Beach Solutions will use DAC to launch Version 3.2 of its EASI-Studio. This tool provides a structured approach to capturing and maintaining design specification data in one place and then validating the data against customizable design and interface rules. Version 3.2 can "watermark" design data as reliable once it's checked and validated.

Aptix and SoftRISC will present the results of a collaborative effort, their voice-over-IP development and prototyping environment based on the ARM PrimeXsys platform. The environment consists of an Aptix System Explorer prototyping environment integrated with SoftRISC VoIP application software. Available in the second quarter, the Aptix environment starts at $80,000, while the SoftRISC software components start at $75,000.

Zenasis Technologies will have two major announcements at DAC. First is version 2.1 of its flagship ZenTime product, a cell-based timing optimization tool that identifies and combines standard cells in critical timing paths and then replaces them with design-specific custom cells. The tool straddles the front and back ends of the design cycle. New features include a three- to four-time increase in runtime speed.

Second, Zenasis' ZenCell Factory 1.1 complements ZenTime. This automated library-cell generation engine can create, layout, characterize, and verify hundreds of combinational logic cells in a matter of days. It can function in standalone fashion or be seamlessly integrated with ZenTime and other tools in an ASIC flow. ZenCell Factory is priced for term-based licensing at $95,000 per year. It runs on Linux and Sun-Solaris platforms.

Another stealth launch in the mold of Forte Design comes via FishTail Design Automation. FishTail's Focus tool takes synthesizable RTL and clock definitions as inputs and automatically generates the design's false and multicycle paths. The resulting "golden" timing constraints, arrived at before the outset of physical implementation, should enable designers to reach timing closure much more quickly. Focus goes for $90,000 per seat per year.

Tool interoperability is a subject of interest to designers in all phases of the design cycle. The Silicon Integration Initiative's OpenAccess Coalition will show a new Verilog reader/writer kit that was jointly developed by Hewlett-Packard and Cadence. The kit is now available for download at www.openeda.si2.org. It lets designers exchange netlist information directly with the OpenAccess design database.

At DAC, the OpenAccess Coalition also expects to deliver the beta release of its OpenAccess 2.2 code. This release of the reference database will offer performance enhancements as well as improved support for a new region-query application programming interface, rules and constraints, data-management changes, and more.

ANALOG DESIGN
The subset of EDA tools for analog designers will see some interesting activity at DAC. More analog tools are appearing, though it remains to be seen whether analog designers will become more accepting of them.

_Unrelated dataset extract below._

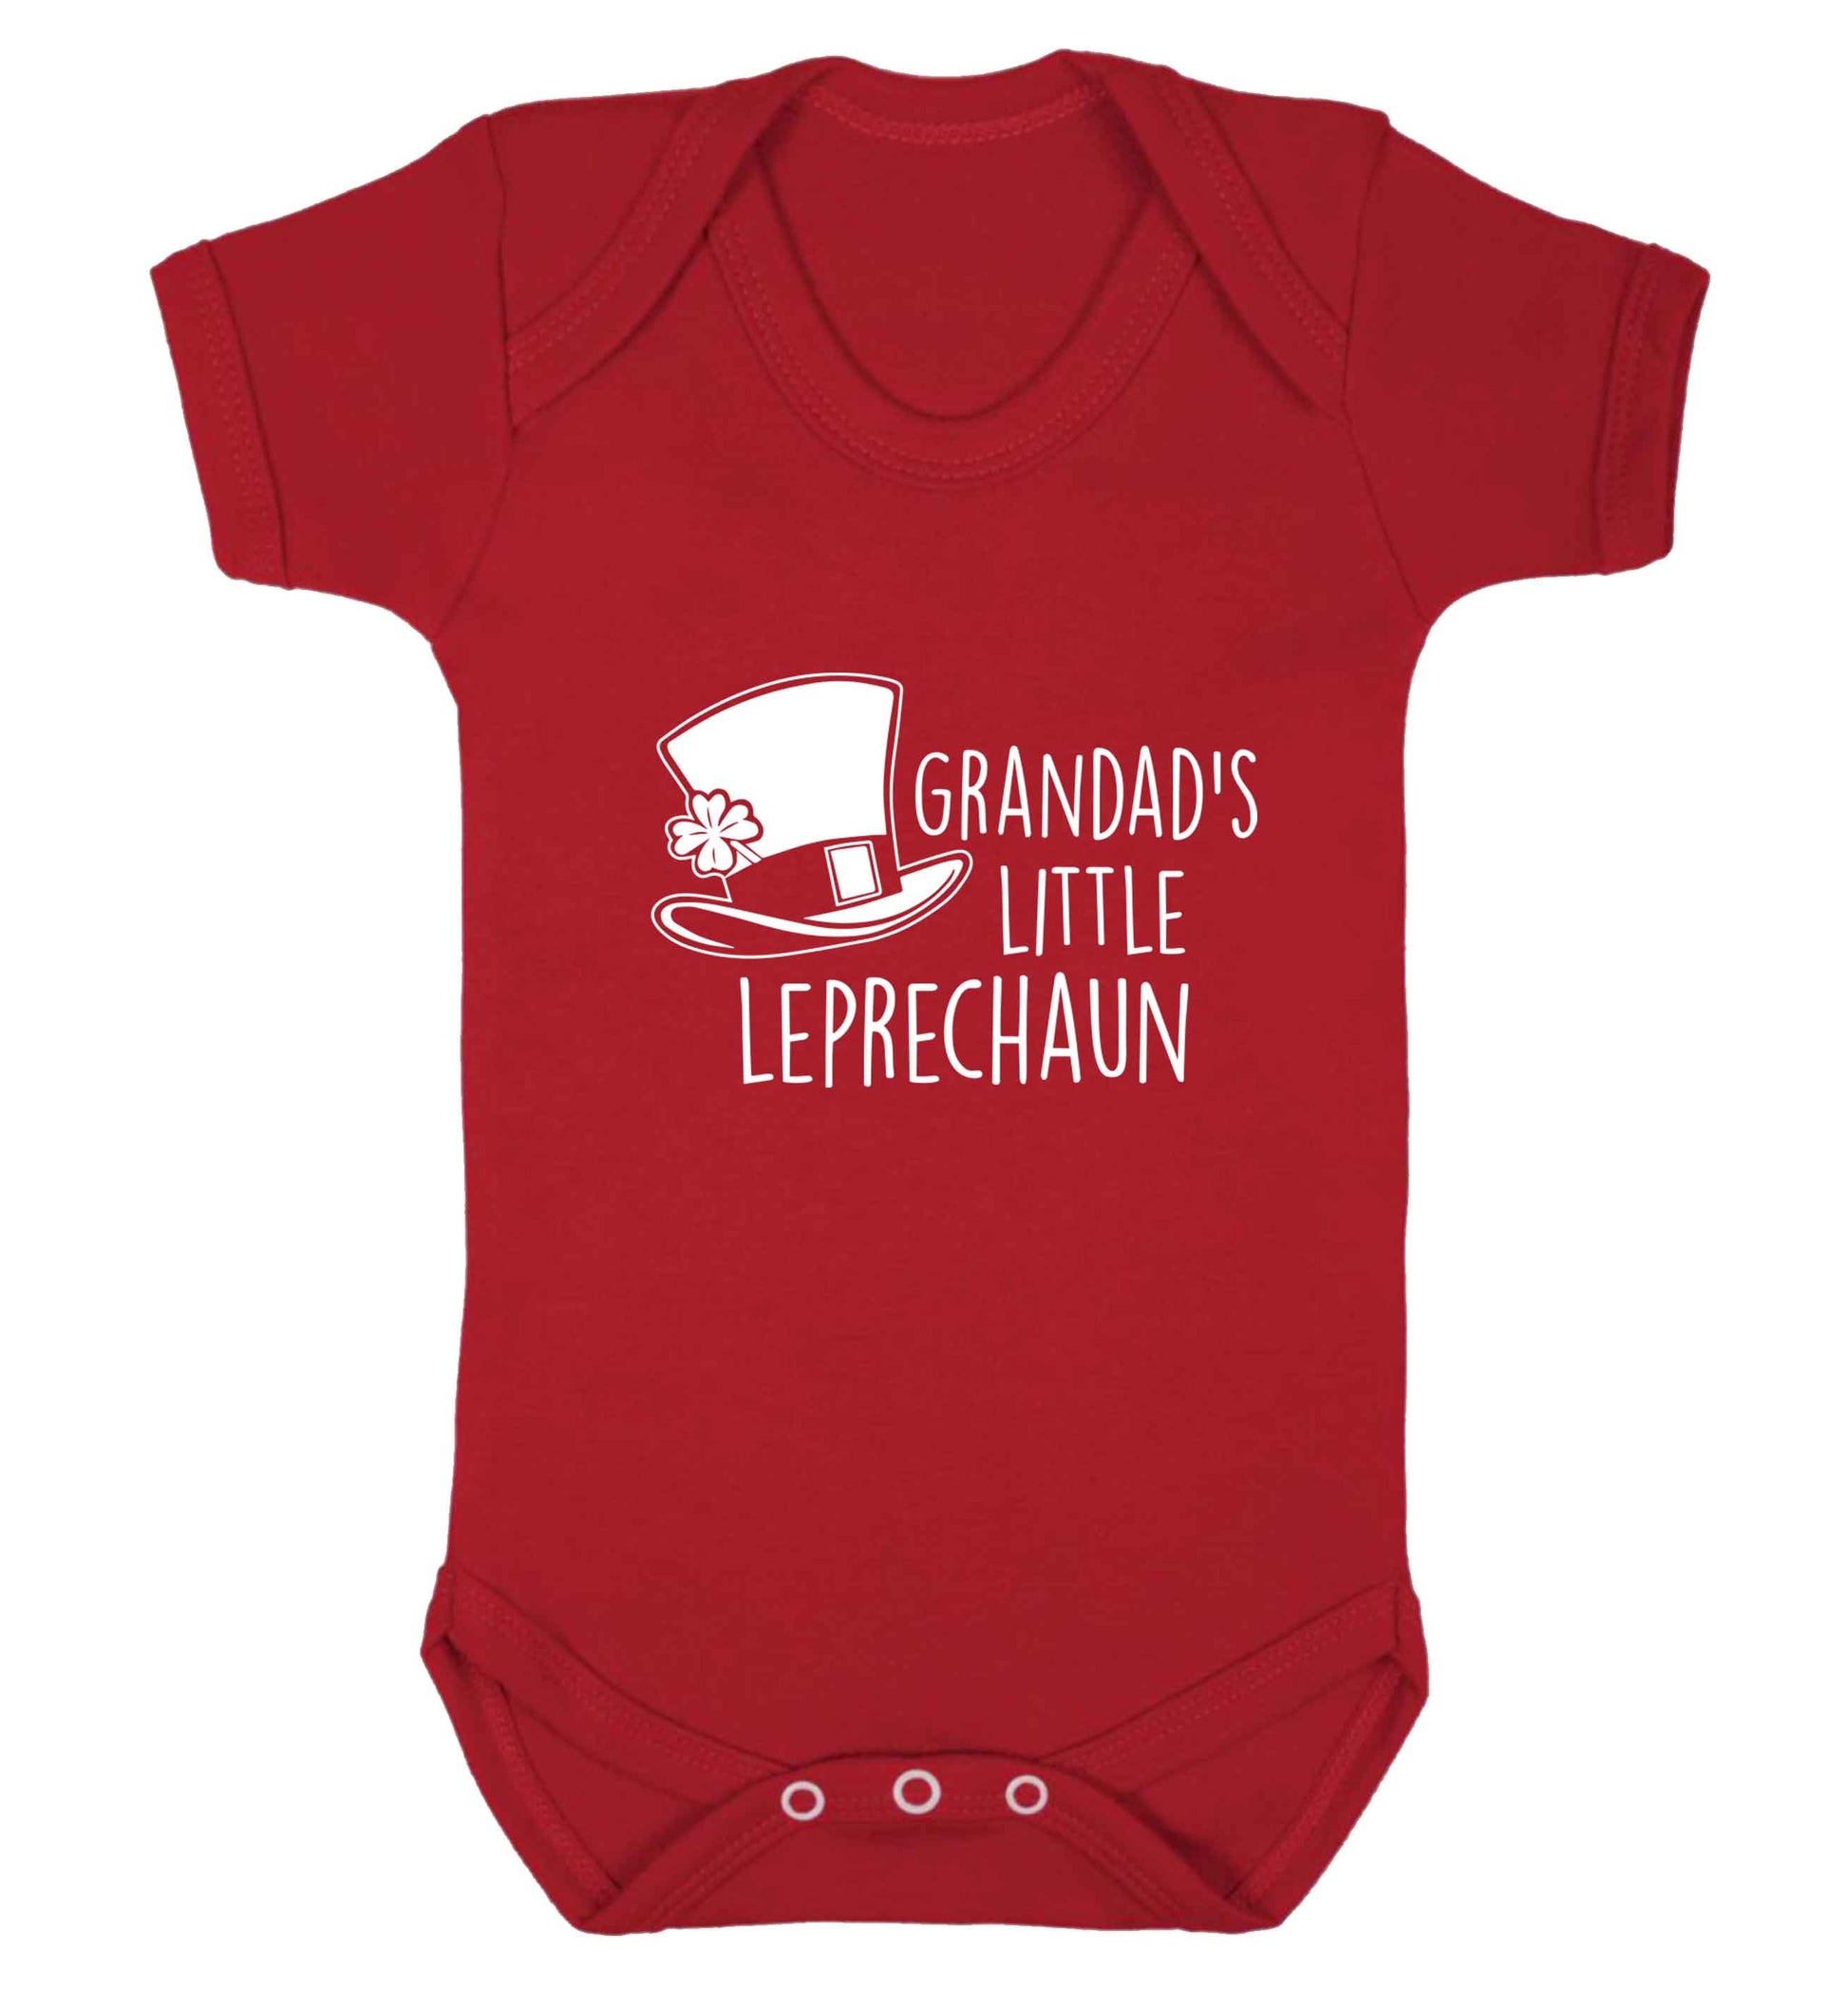 Grandad's little leprechaun baby vest red 18-24 months

Anasift Technology will exhibit its AMPSO v1.2 analog optimization tool, which is meant for linear amplification circuits such as op amps, analog buffers, comparators, bandgap references, voltage regulators, and others. Inputs to the tool include Spice netlists, model libraries, design requirements, and optimization corners. This tool optimizes and sizes circuits to meet design specifications across all optimization corners. It outputs designs in pure text format and exports the optimized results to users' existing analog design flow.

Designers of high-voltage ICs like LCD and thin-film transistor (TFT) drivers, power-management ICs, motor controllers, and others have specific needs not addressed by many EDA tools. Silvaco's tool suite is intended to fill that gap. At the front end, the Scholar schematic editor drives the SmartSpice circuit simulator, Expert layout editor, and Guardian DRC/LVS/LPE tools. The suite supports legacy models and netlists from other simulators, as well as the Verilog-A language for compact device models and analog behavioral models. A front-end seat of Scholar and SmartSpice starts at $35,000 for a perpetual license.